Smart eating made simple

Getting your brain out of binge mode

Ever had a night like this? You swing by the store for a gallon of milk. As you wait in the checkout line, a bag of chips catches your eye. You know those chips aren't good for you, but you buy them anyway and scarf them in the car. By the time you pull into your driveway, regret is kicking in.

This isn't just a case of weak willpower, says former FDA commissioner Dr. David Kessler. The real problem is that certain commercially made foods -- the ones with tons of added sugar, salt, and fat -- are so tasty and so stimulating that they actually overwhelm the brain's circuitry. When we eat them, the brain cranks out dopamine, a neurochemical associated with a reward that drives us to eat that food again...and again...and again. Eventually, just looking at the food can trigger a dopamine release. "We get stuck in a cycle," Dr. Kessler says. "We're constantly chasing that satisfaction." These steps can help you break free.

Envision what you should be eating instead

Temptation can strike suddenly -- like when you walk through a food court and catch a whiff of freshly baked cinnamon rolls. Perhaps you try to reason with yourself by thinking, I shouldn't eat that or That food is bad for me. You'll have far more success if you go a step further and visualize a better outcome, says Dr. Kessler. Try, I have a healthy lunch waiting for me back home, and cinnamon rolls aren't in my plan.

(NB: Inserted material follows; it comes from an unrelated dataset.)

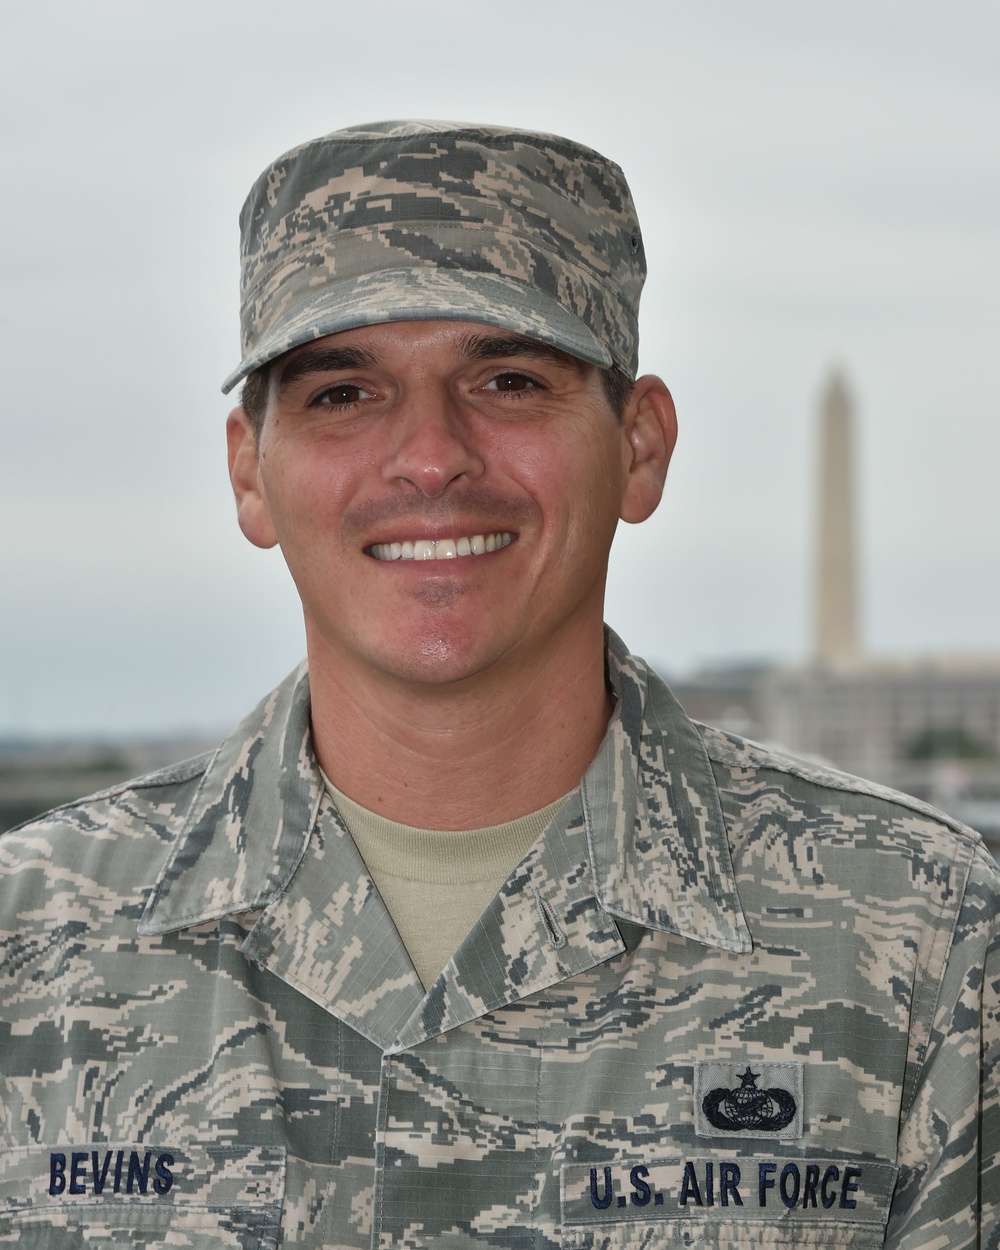 Technical Sergeant Bevins supports the Presidential Inauguration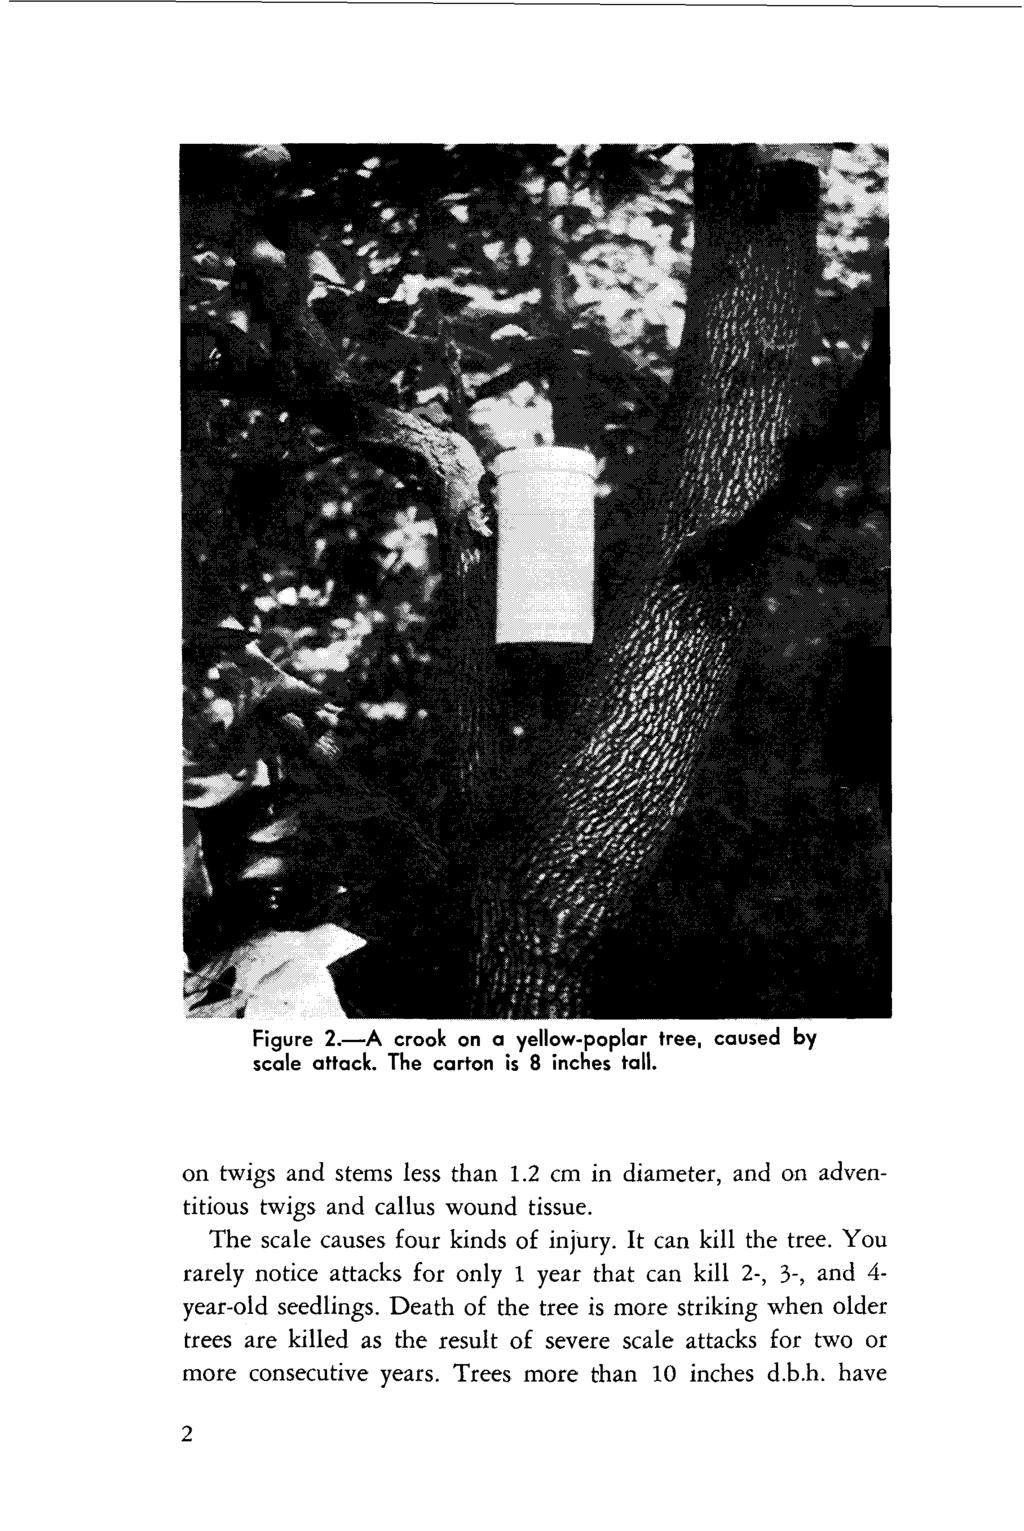 Figure 2.-A crook on a yellow-poplar tree, caused by scale attack. The carton is 8 inches tall. on twigs and stems less than 1.2 cm in diameter, and on adventitious twigs and callus wound tissue.

Don't be seduced into stopping

Resisting the call of the fast-food drive-through might seem futile in the moment, but consider this: Studies show that addictive cravings tend to fizzle as soon as the object in question becomes unattainable. In other words, drive a few miles past the burger joint, and you'll likely discover that you didn't really need those extra-large cheese fries after all.

Think through the aftermath

When you're being lured by a super-stimulating food, the brain's reward center is keyed into one thing and one thing only: the immediate sensory pleasure of eating that food. Gain control by extending your thoughts to the consequences. For example, Nachos might taste great now, but tomorrow I'll feel awful about myself, or Ice cream sundaes always give me indigestion. Explains Dr. Kessler, "This undercuts the reward value of the food."